Litigator of the Week: A Nod for “Trustworthiness” in a Timely Win for Uber
In what might best be termed a terrible, horrible, no good, very bad week for Uber Technologies Inc. and its outside lawyers, Michael Li-Ming Wong of Gibson, Dunn & Crutcher gave the company a sorely needed legal win.
November 30, 2017 at 07:51 PM
5 minute read
In what might best be termed a terrible, horrible, no good, very bad week for Uber Technologies Inc. and its outside lawyers, Michael Li-Ming Wong of Gibson, Dunn & Crutcher gave the company a sorely needed legal win.
A federal judge in San Francisco over the Thanksgiving weekend granted Wong's motion to dismiss a long-running data breach class action brought on behalf of about 50,000 drivers whose names and driver's' license numbers were compromised in 2014 data breach.
U.S. Magistrate Judge Laurel Beeler found that neither of the lead plaintiffs in the case, former Uber drivers Sasha Antman and Gustave Link, had alleged their Social Security numbers were disclosed, nor any other personally identifiable information that could be used by identity thieves.
Beeler's ruling came just days after Uber disclosed a more recent and much larger breach. The company announced on Nov. 21 that it had paid off hackers and failed to inform regulators about a 2016 date breach which compromised email addresses and phone numbers of 57 million users and driver's license numbers of 600,000 drivers.
The company and its lawyers came under further legal fire this week from the federal judge overseeing its trade secrets fight with Waymo over autonomous car technology. U.S. District Judge William Alsup, who had referred the case to federal prosecutors to investigate possible criminal trade secret theft, received notice from the local U.S. Attorney's office on Nov. 22 alerting him about a letter that a former Uber employee wrote to in-house lawyers claiming that there was a unit dedicated to “stealing trade secrets, code base and competitive intelligence from competitors” at the ride-hailing company.
The revelation led to some tense moments on the witness stand for the in-house Uber lawyer who received the letter and a postponement of the trial which was set to begin next week.
“No matter what else is going on, it's really good to have a win,” said Wong, in an interview Thursday morning.
Wong's breach case has at its source the same sort of sloppy information security practices that led the most recently disclosed mega-breach: In both instances the security keys used to access the Uber data were publically available via GitHub, a web-based repository regularly used by software engineers to share code. Consider it the digital age equivalent of keeping a key underneath the doormat.
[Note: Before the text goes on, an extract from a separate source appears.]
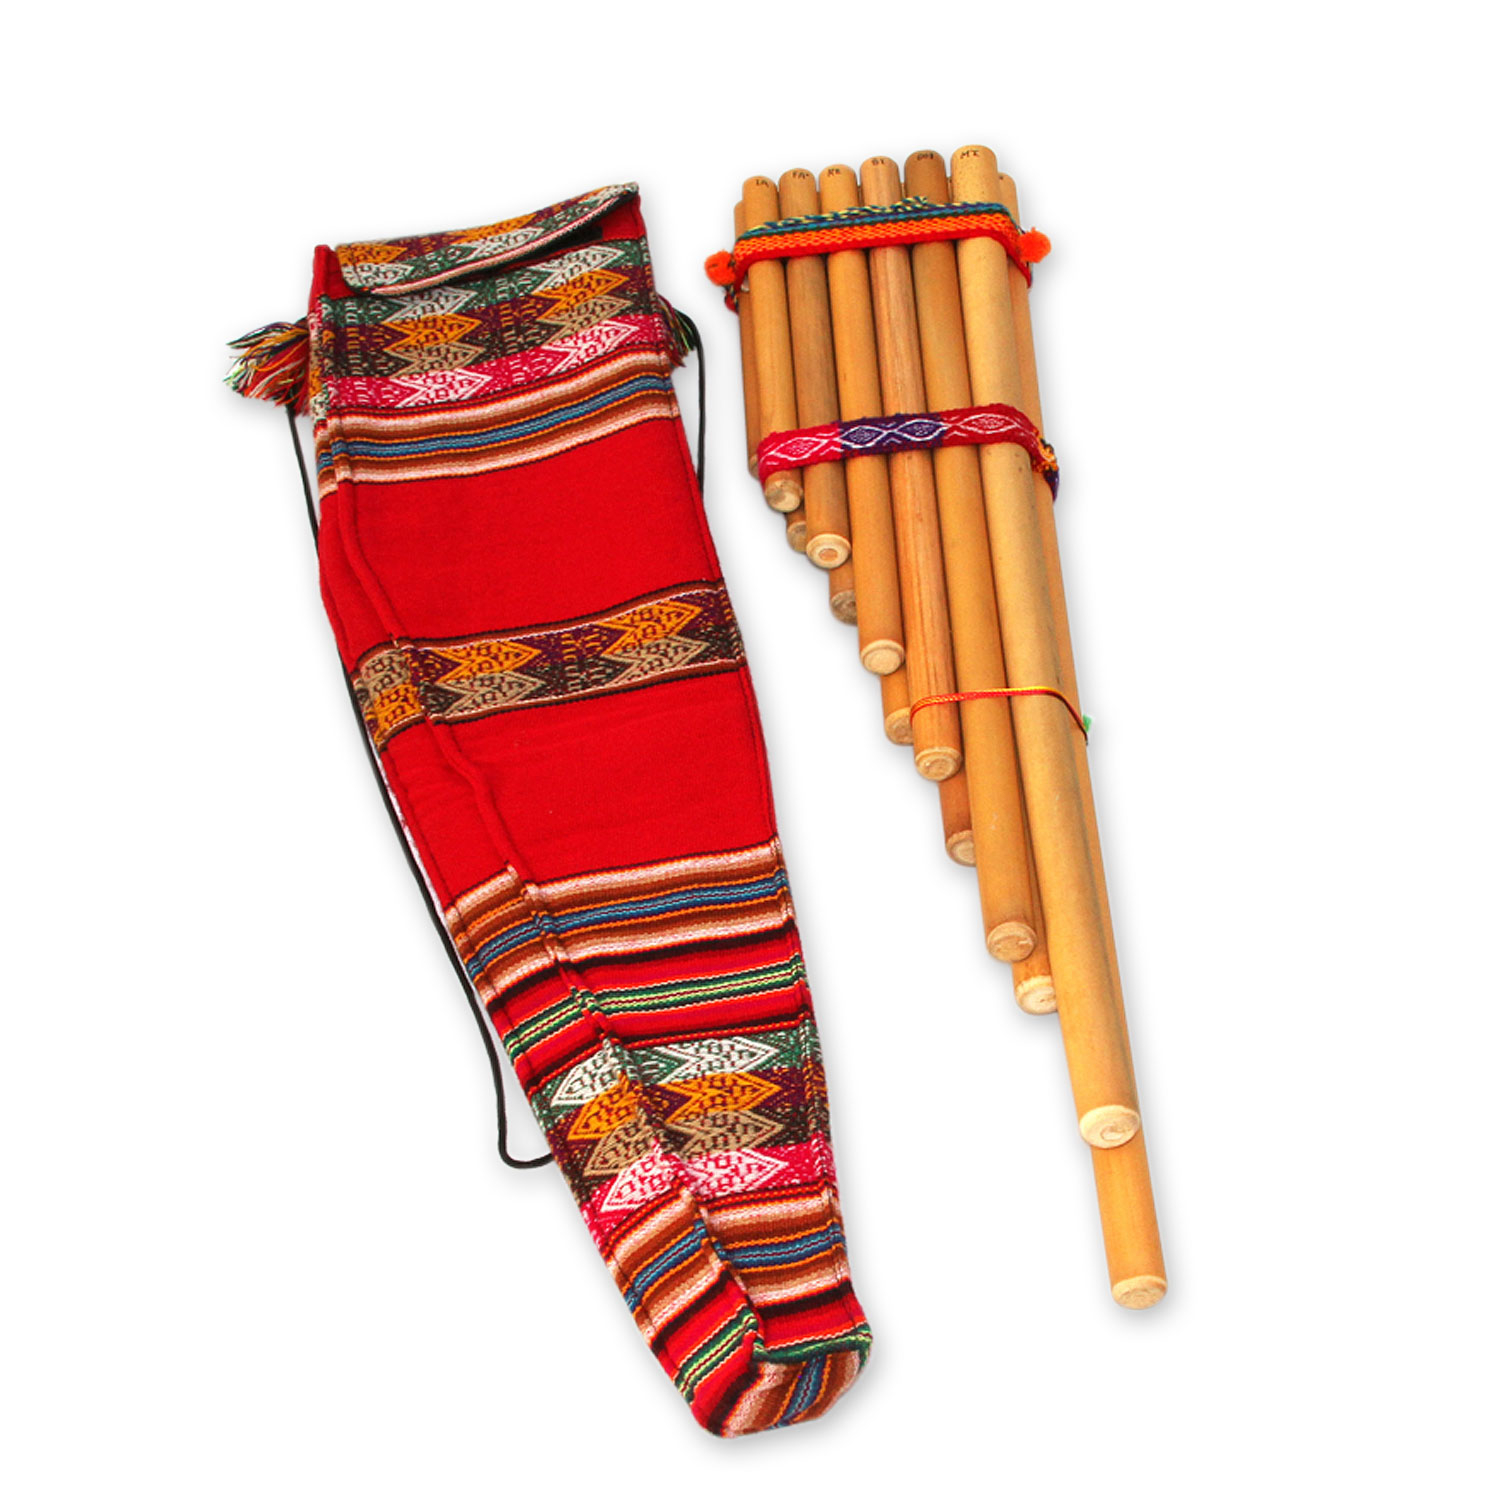 andean panpipes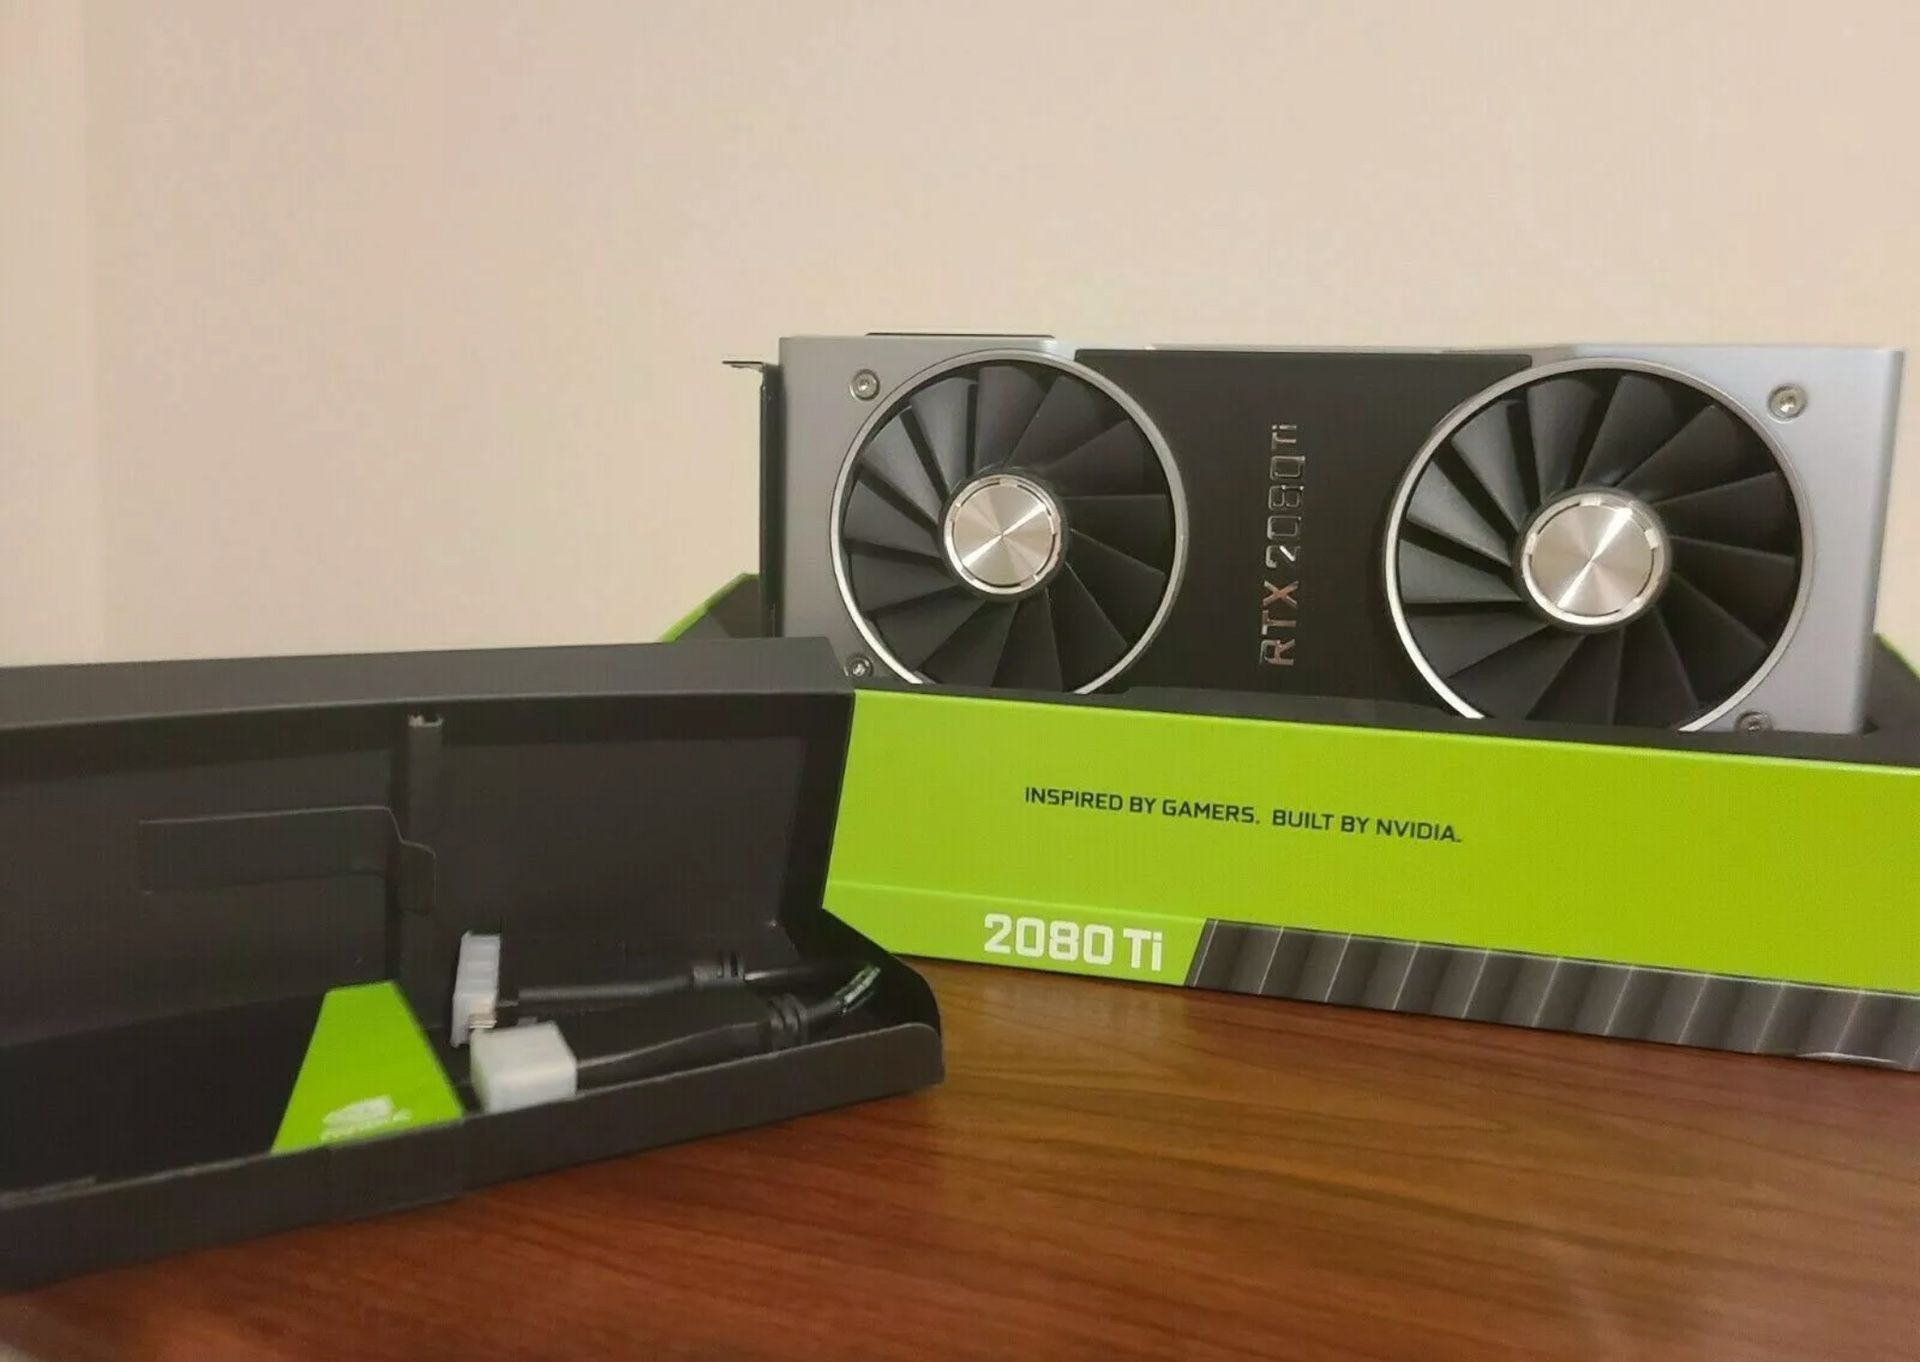 RTX 2080 TI FOUNDERS EDITION

In Wong's case there was an extra element of corporate intrigue. In case filings, the company has claimed that an IP address associated with an employee at rival Lyft accessed the security key ultimately used by the breacher. Wong told the judge at the most recent hearing the company has always believed that the 2014 breach was a “competitive hack” rather than the work of identity thieves. “There's nothing we've found that has disabused us of that notion,” said Wong, according to a transcript of the hearing. On Thursday, he declined to comment further on the nature of the breach.
Wong, however, noted that he finds it interesting that a case dealing with the latest in technology turned on legal issues of jurisdiction and standing that have their roots in the U.S. Constitution. “You apply all that old doctrine to new technology and new cases,” Wong said. “In the 1700s, there was no such thing as a Social Security number—much less ride-sharing apps, or pin numbers, or credit cards and databases.”
Beeler found that the lead plaintiffs lacked standing to sue since they could not show “immediate, credible risk of ID theft.”
In light of Uber's other recent troubles, it bears pointing out that that in Wong's case both Judge Beeler and his litigation opponent, Theodore Maya at Adhoot & Wolfson, credited him as trustworthy.
Beeler, who worked alongside Wong when the two were previously federal prosecutors in the San Francisco U.S. Attorney's office, said she trusted Wong's representations in court that no actionable information about the plaintiffs had been compromised—even though Uber discovered that some social security numbers were included in the database after it made its initial disclosures about the breach.
“He's not going to make a misrepresentation to me in court,” said Beeler of Wong, according to a court transcript. “He's just not going to do it.”
Reached by phone Thursday, Maya, said that the plaintiffs intend to amend their complaint. Still, he agreed that “Uber has hired a trustworthy and very good lawyer.”
But he added, “That doesn't mean Uber has been honest.”